A primeira obra do Viver+Teresina teve início no mês de julho e segue avançando para ser finalizada no primeiro semestre de 2024 à população do bairro Nova Brasília, zona Norte da capital. A intervenção feita pelo Viver+Teresina, grupo vinculado à Secretaria Municipal de Planejamento e Coordenação (Semplan), está transformando a região, que antes era utilizada como lixão.
Carroceiros e população em geral iam até o local para despejar todo tipo de resíduo: desde o lixo doméstico até restos de podas, de entulho de obras até animais mortos. Tudo isso ao lado de uma Unidade Básica de Saúde, uma escola e uma lagoa, que está completamente degradada.

Orçada em R$ 2,1 milhões, a obra está implementando equipamentos públicos inovadores para a prática esportiva e socialização. A intervenção está sendo feita no trecho da rua Anísio Pires com a rua Santa Inês até a rua Radialista Jim Borralho, nas proximidades do terminal de integração da Rui Barbosa e a UBS.
O projeto foi discutido e aprovado pela população em encontro ocorrido neste mês de abril.
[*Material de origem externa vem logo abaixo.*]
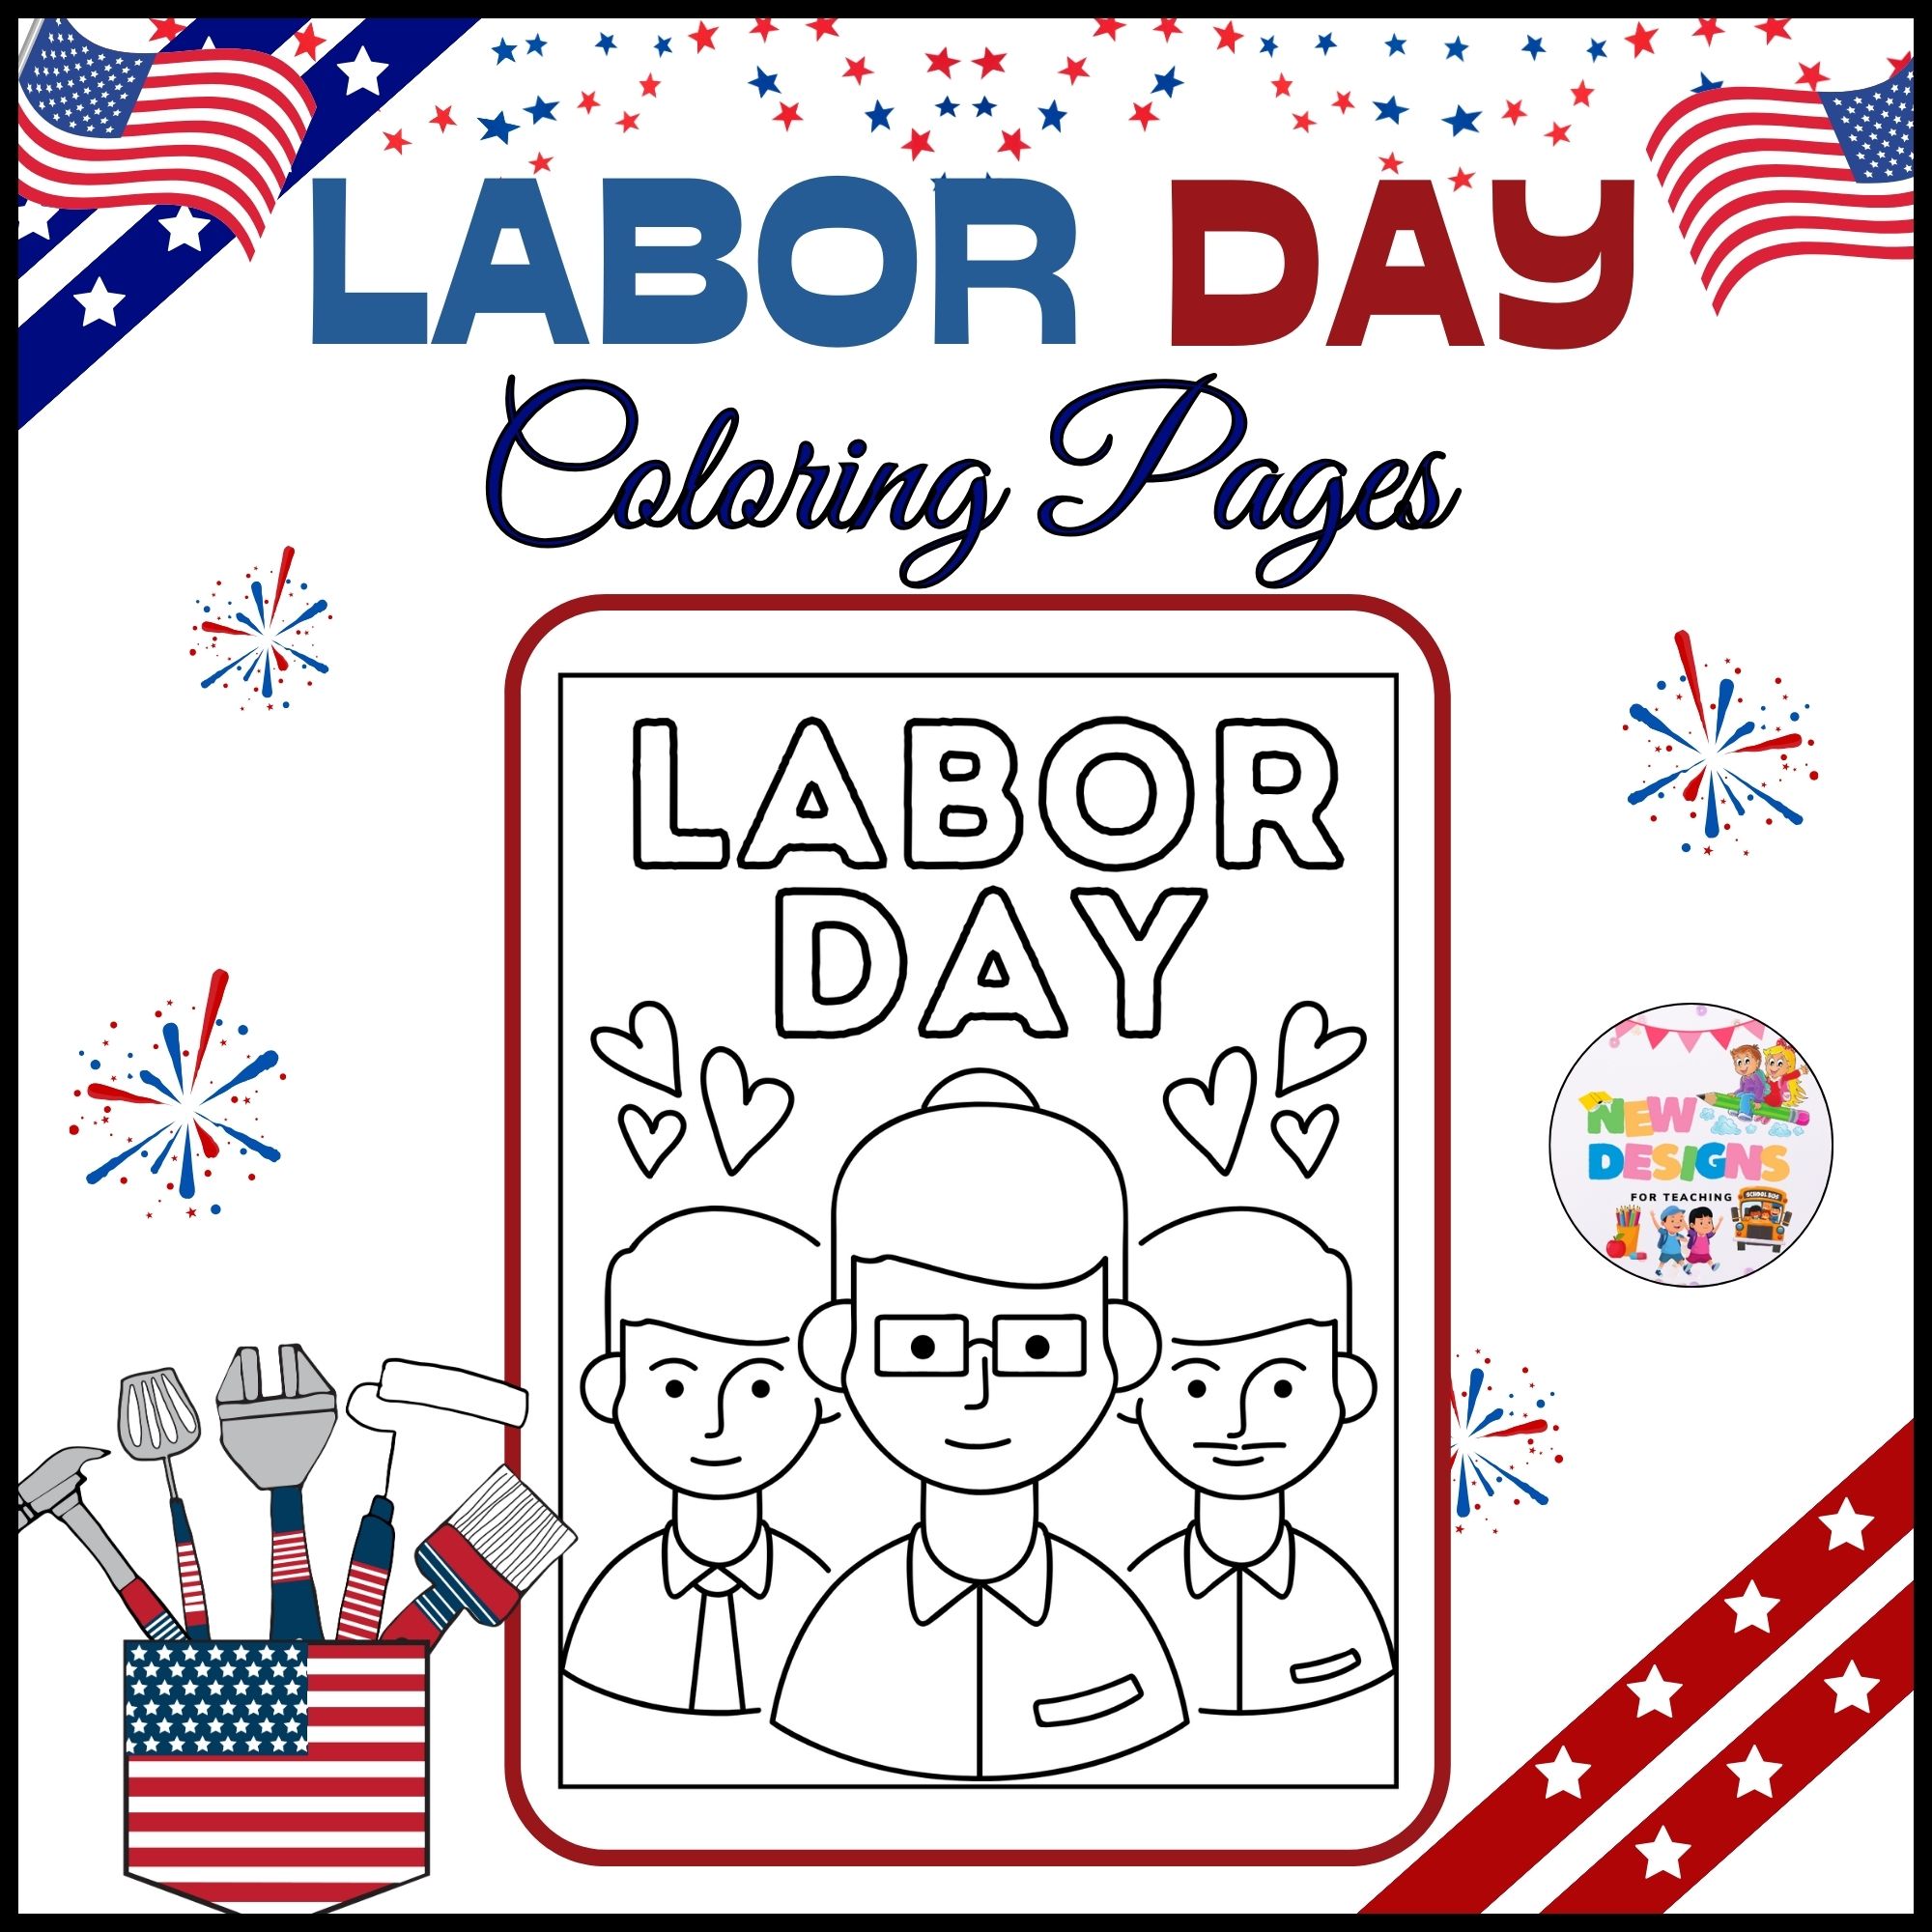 Labor day coloring pages printable worksheets for kids made by teachers

Nele, estão previstas a instalação de mesa de concreto para prática de futmesa, que é uma modalidade que vem sendo difundida em vários bairros da capital; academia de musculação de concreto; mesa de concreto para tênis de mesa, equipamento que já vem sendo experimentado em outras praças com sucesso; quadra poliesportiva coberta com duas arquibancadas; quadra de volei de areia, modalidade bastante apreciada pela população; playground com brinquedos construídos com madeira, além de bancos, iluminação pública, arborização e outras melhorias.
“Nossa equipe tem trabalhado intensamente para transformar Teresina em uma cidade mais resiliente e adaptada aos efeitos da emergência climática. Precisamos de mais áreas verdes, de lagoas preservadas e com total capacidade de contribuir com a drenagem da região. Teresina está aquecendo mais intensamente que a média do resto do mundo e por isso precisamos agir. Essa é a nossa primeira obra e já temos projetos para várias outras”, afirma Bruno Quaresma, diretor geral do programa.

O Viver+Teresina trabalha com a elaboração de projetos e ações voltados à adaptação da cidade a essa nova realidade imposta pela emergência climática. “Teresina precisa se adaptar aos riscos de alagamentos, queimadas, arboviroses e ondas de calor, que serão cada vez mais frequentes, como está acontecendo agora, com a influência do El Niño. Os fenômenos extremos precisam ser mapeados e a cidade preparada para que eles afetem o mínimo possível a vida da população”, explica Bruno Quaresma.